---------- COLLECTED DATA ----------

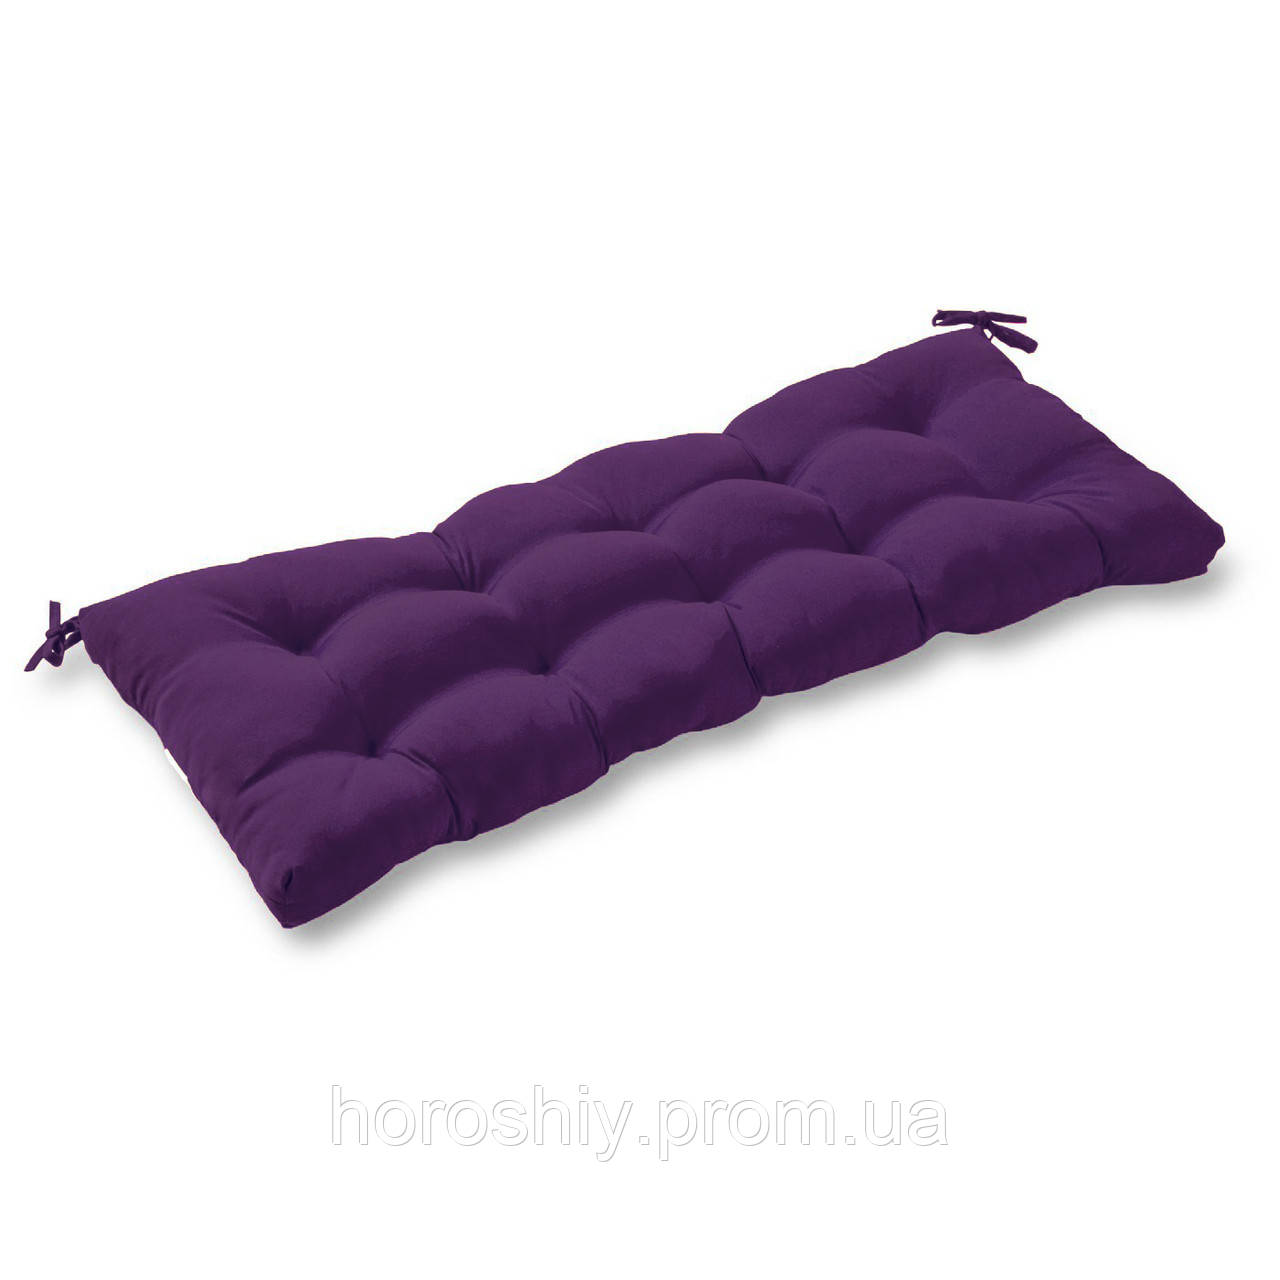 Подушка матрац для садових гойдалок з холлофайберу yeti home 120х60х10 преміум бавовна Фіолетовий
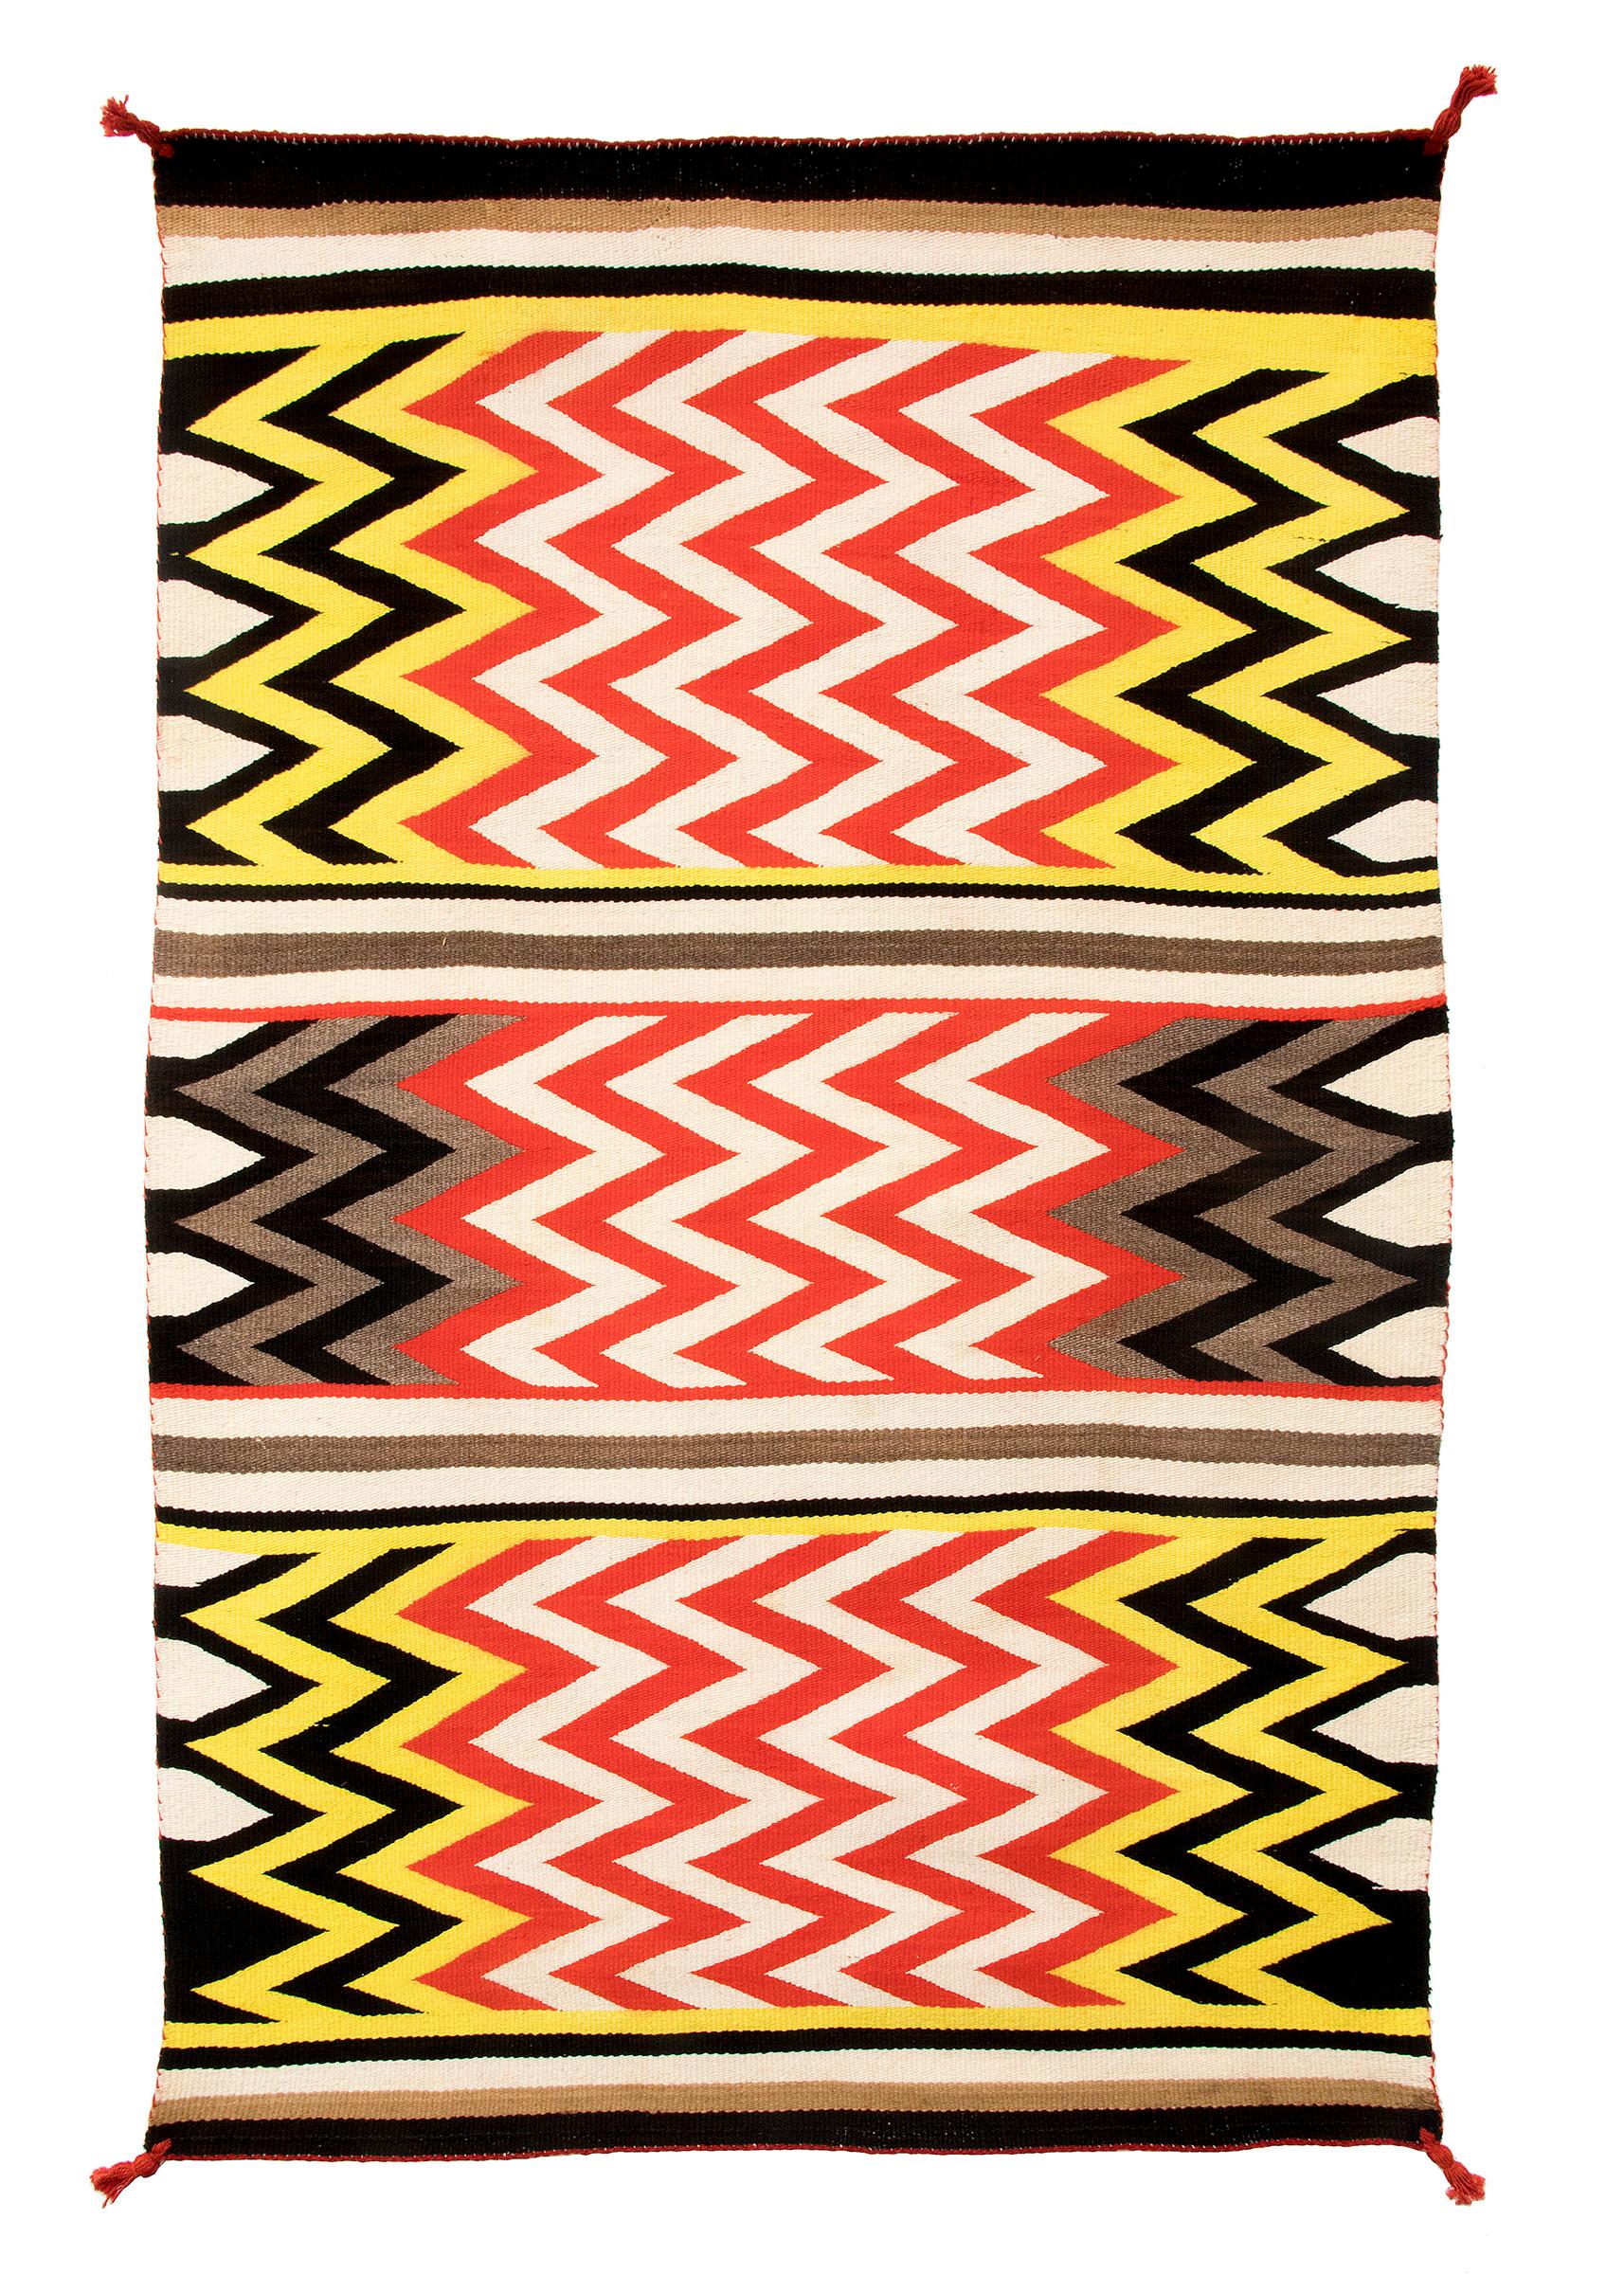 Mid-20th Century Vintage Navajo Rug, Lightning Pattern, circa 1935, Yellow, Red, Black, & White
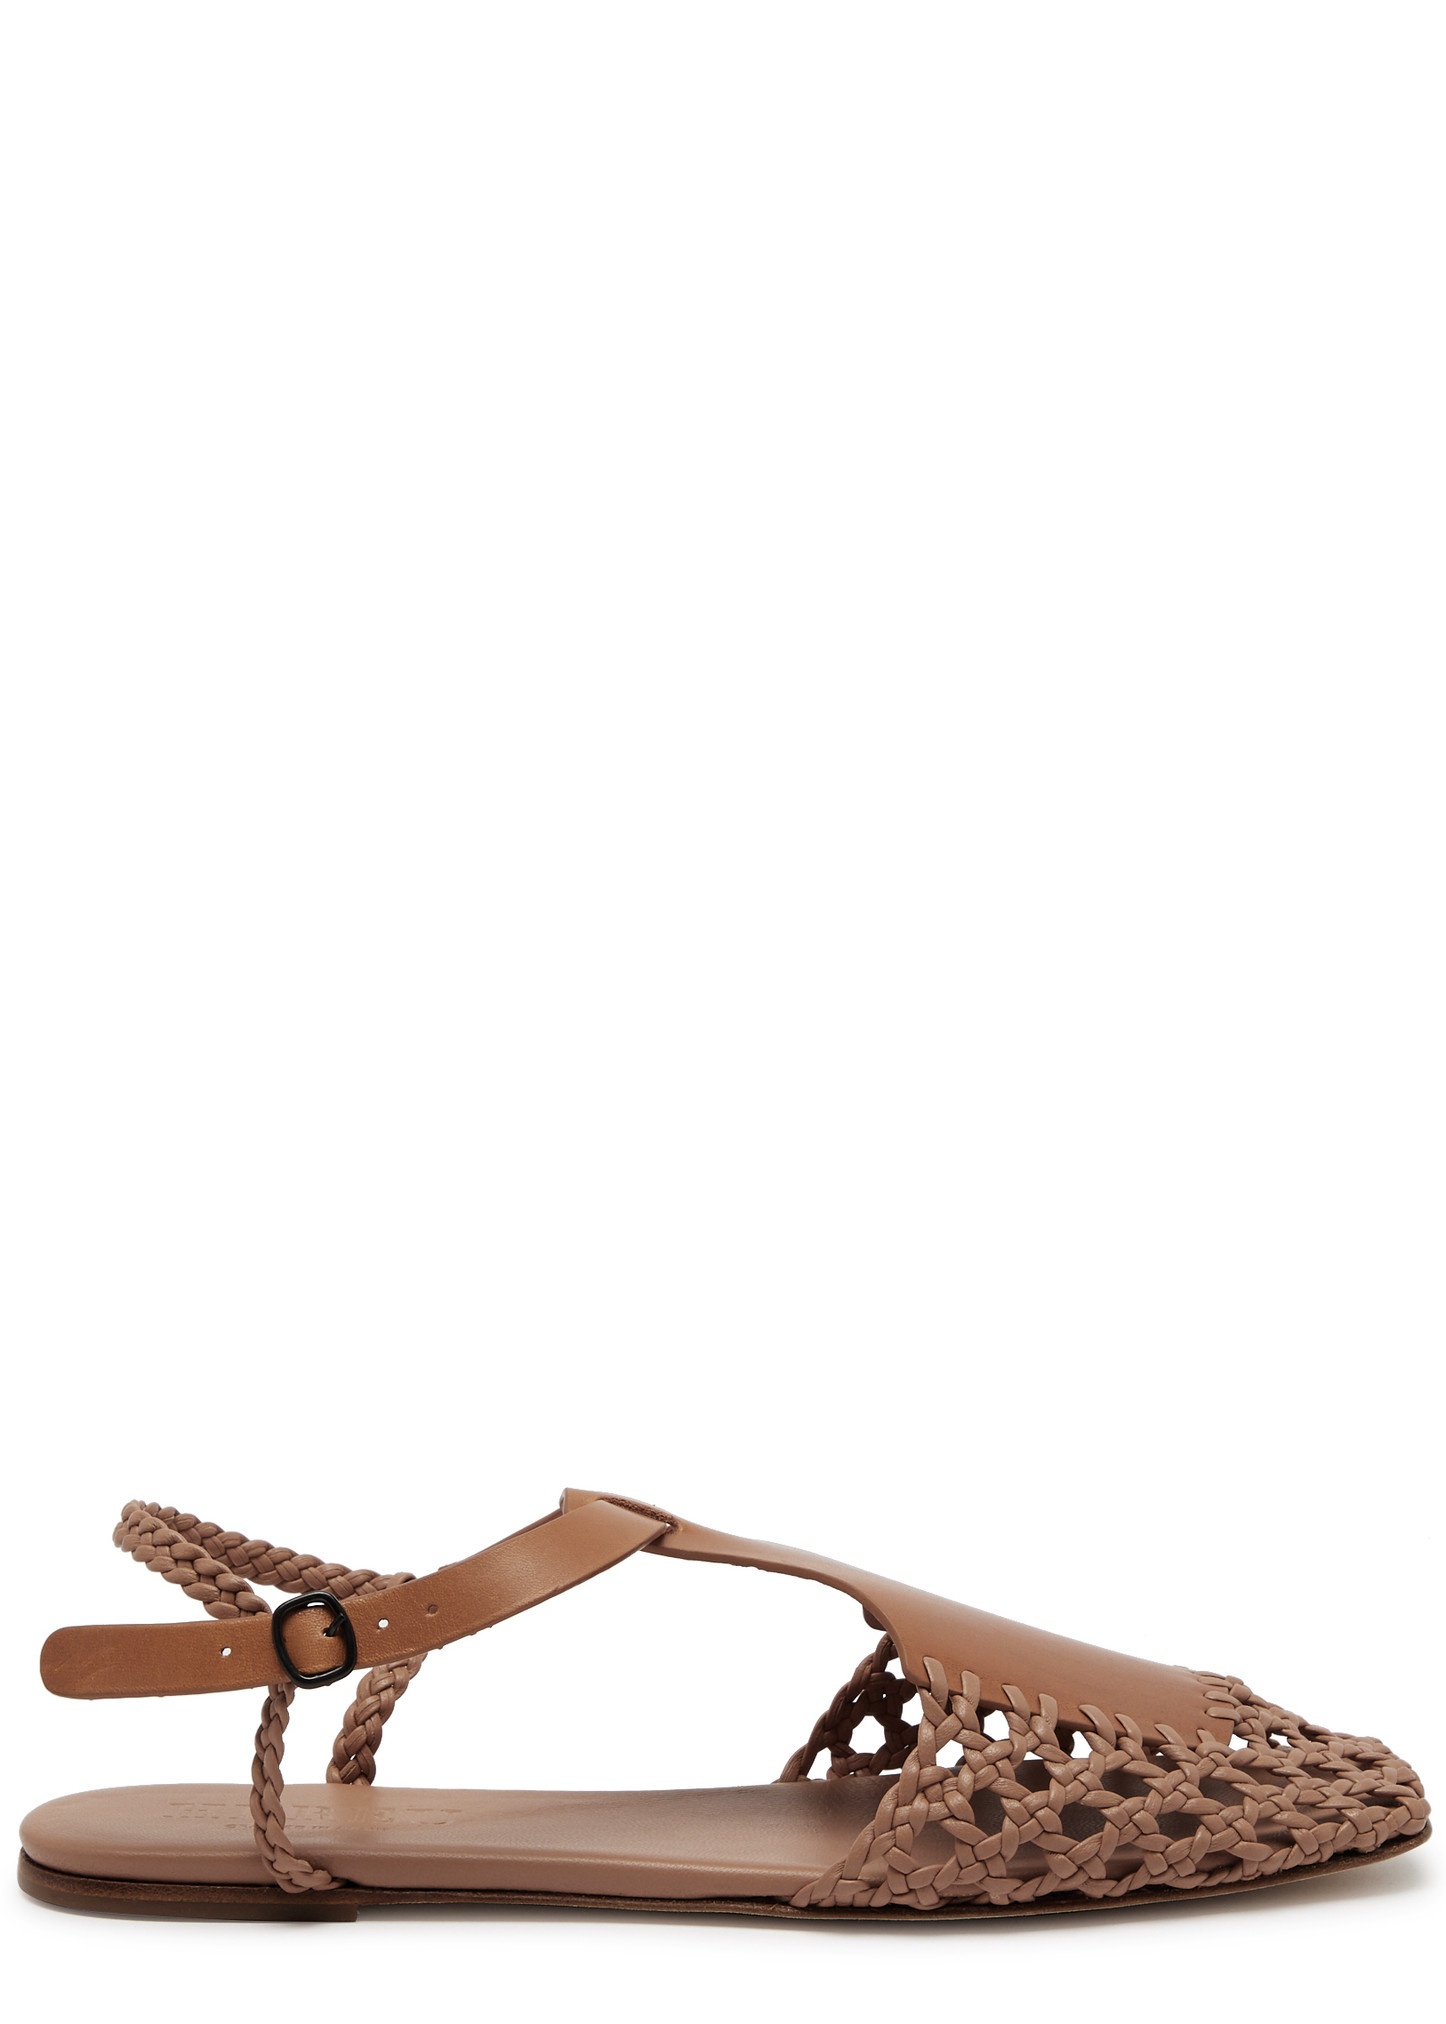 Reixa leather sandals - 1

----------

● TASK TO CARRY OUT:
Return the material exactly as given above, picture-free.

● WRITTEN RESPONSE:
 Подушка матрац для садових гойдалок з холлофайберу yeti home 120х60х10 преміум бавовна Фіолетовий
 Mid-20th Century Vintage Navajo Rug, Lightning Pattern, circa 1935, Yellow, Red, Black, & White
 Reixa leather sandals - 1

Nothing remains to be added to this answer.